#### TASK ITEM
Print the listing in its entirety and exactly, leaving out images.

---------- INFORMATION PROVIDED

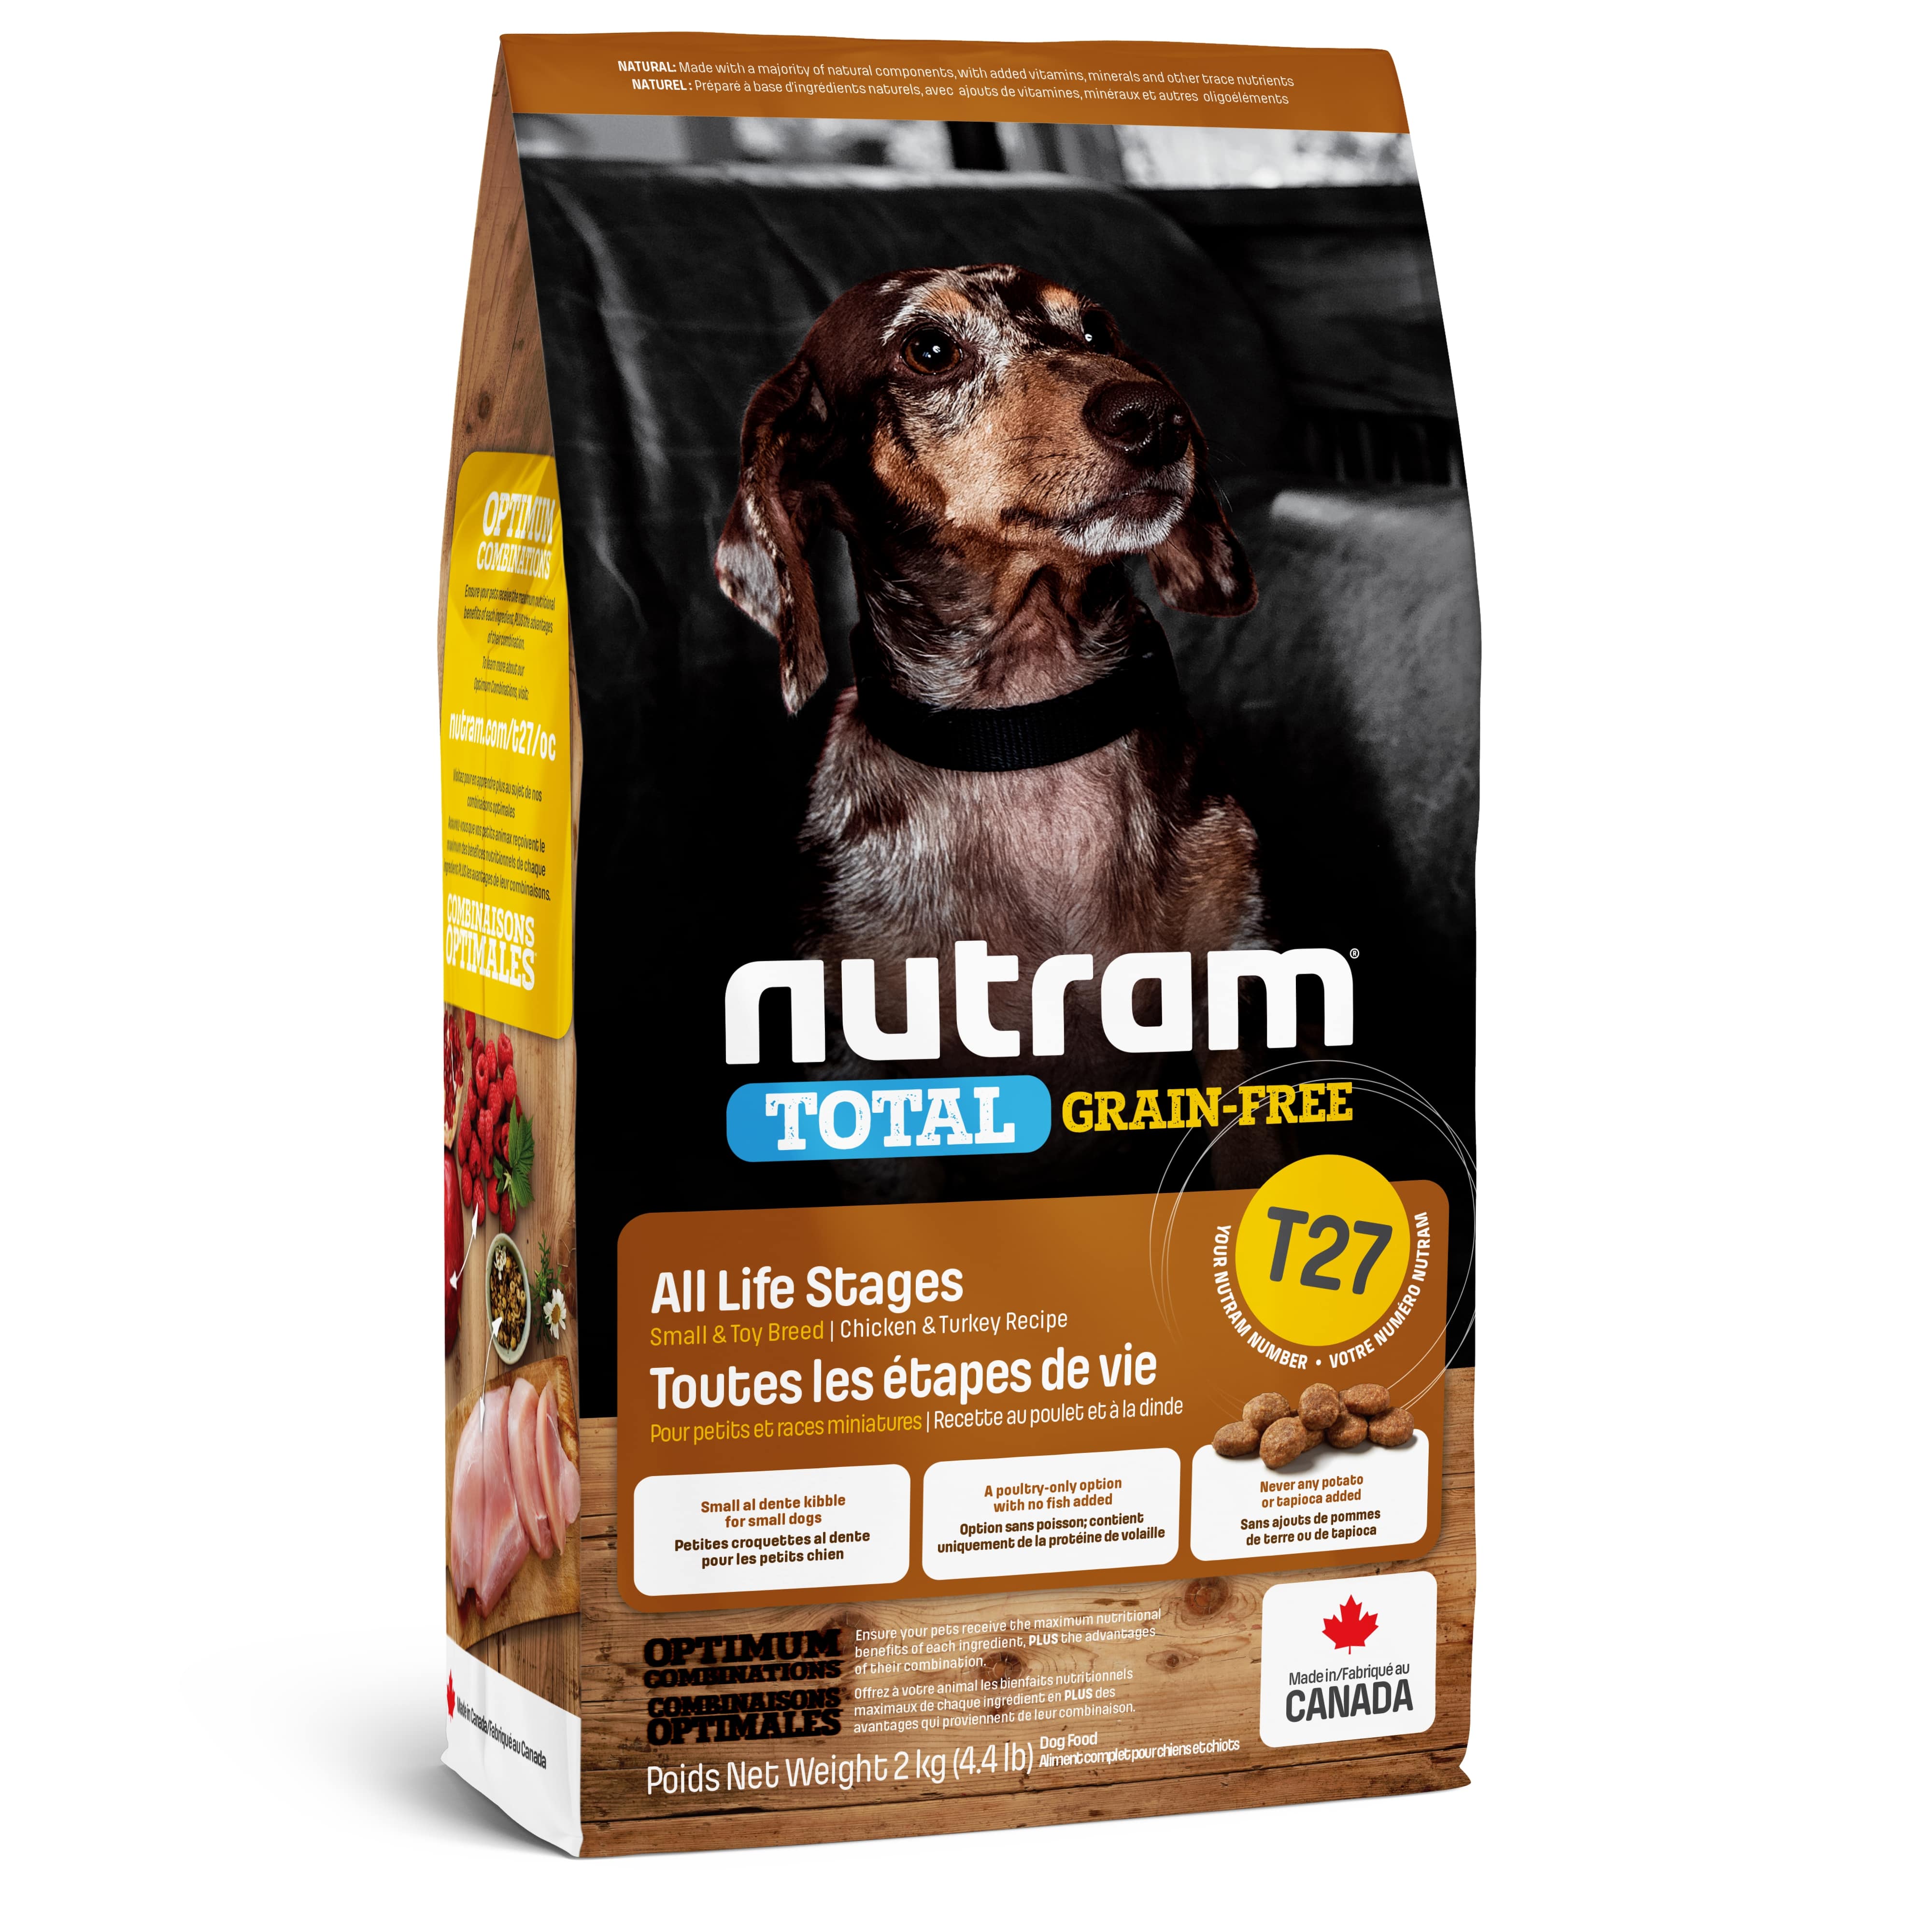 T27 Nutram Total Grain-Free® Turkey & Chiken Small Breed Dog Food
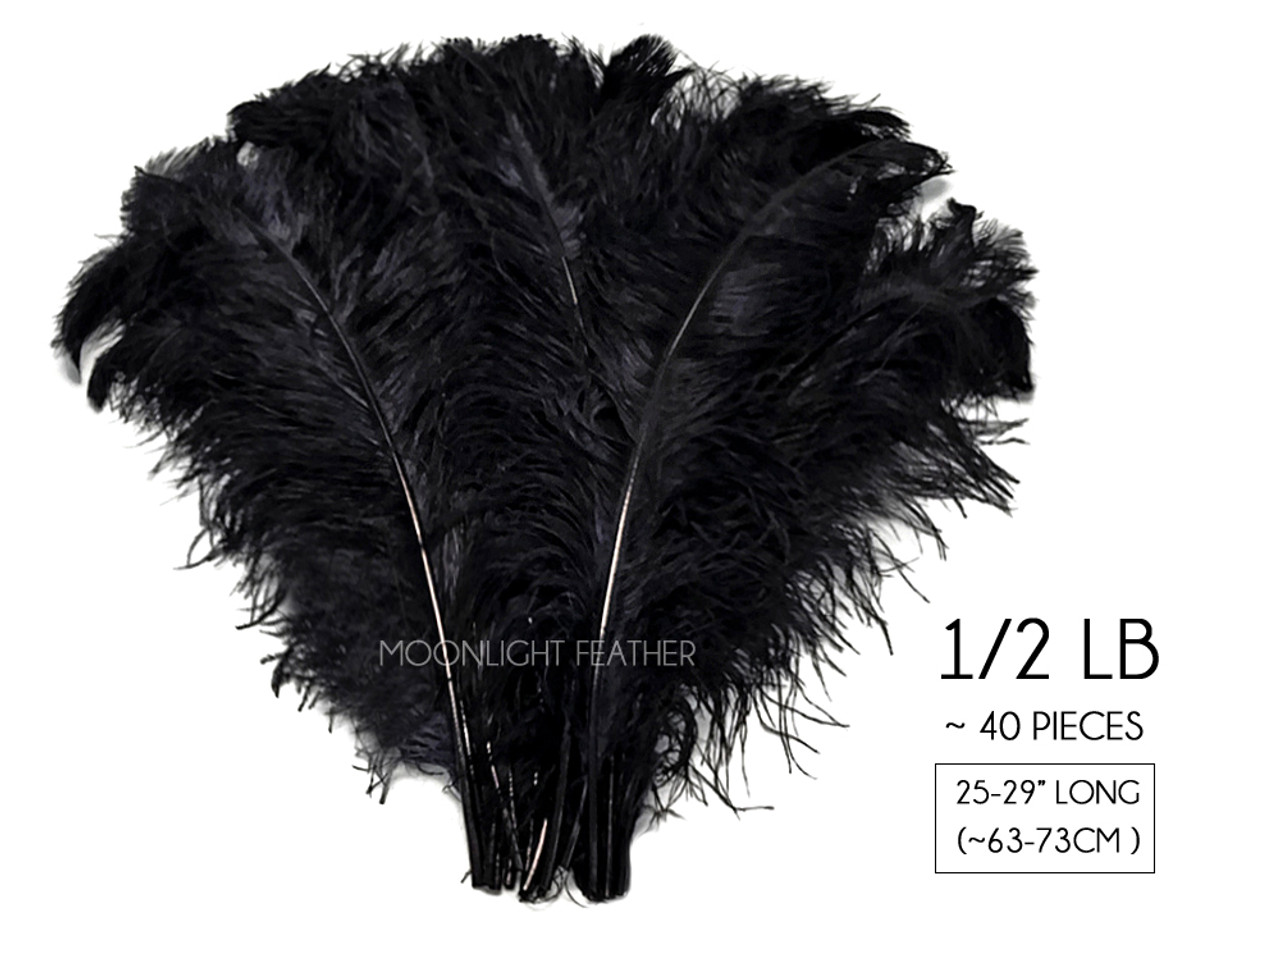 1/2 lb - 18-24 BLACK Large Wing Plumes Wholesale Feathers (bulk) SWA
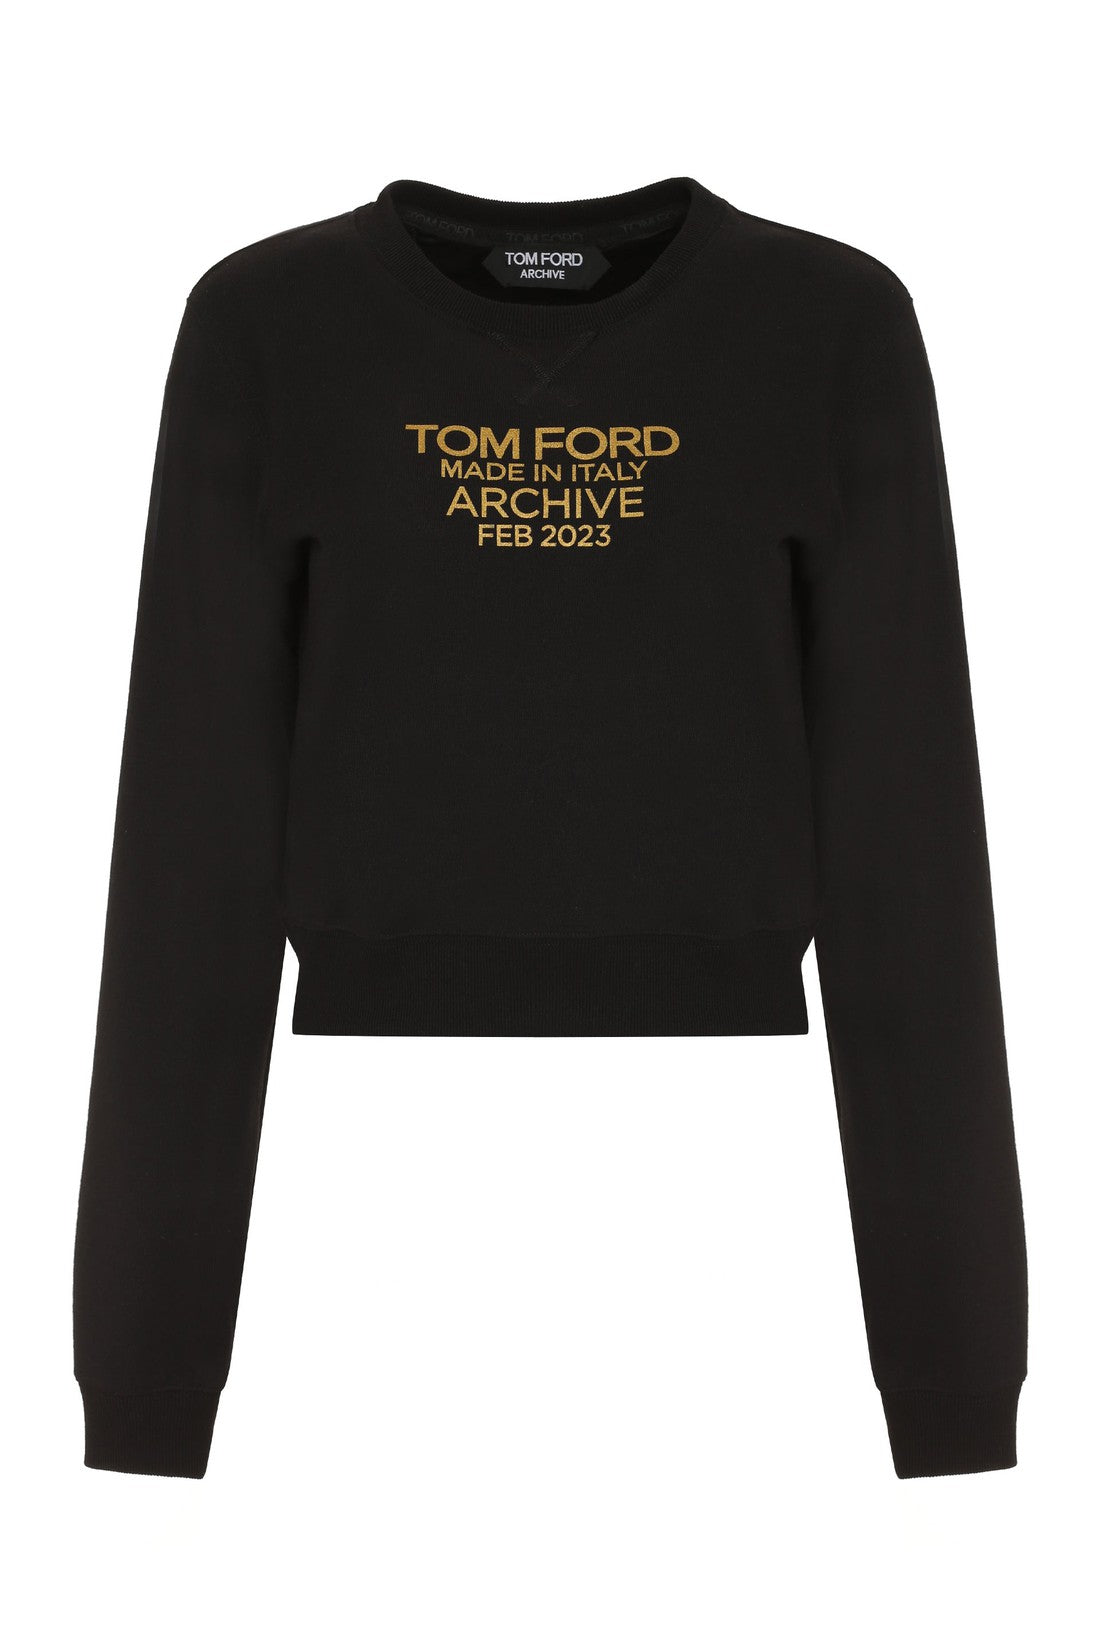 Tom Ford-OUTLET-SALE-Cotton crew-neck sweatshirt-ARCHIVIST

--------------------

#### TASK OUTPUT
 T27 Nutram Total Grain-Free® Turkey & Chiken Small Breed Dog Food
 1/2 lb - 18-24 BLACK Large Wing Plumes Wholesale Feathers (bulk) SWA
 Tom Ford-OUTLET-SALE-Cotton crew-neck sweatshirt-ARCHIVIST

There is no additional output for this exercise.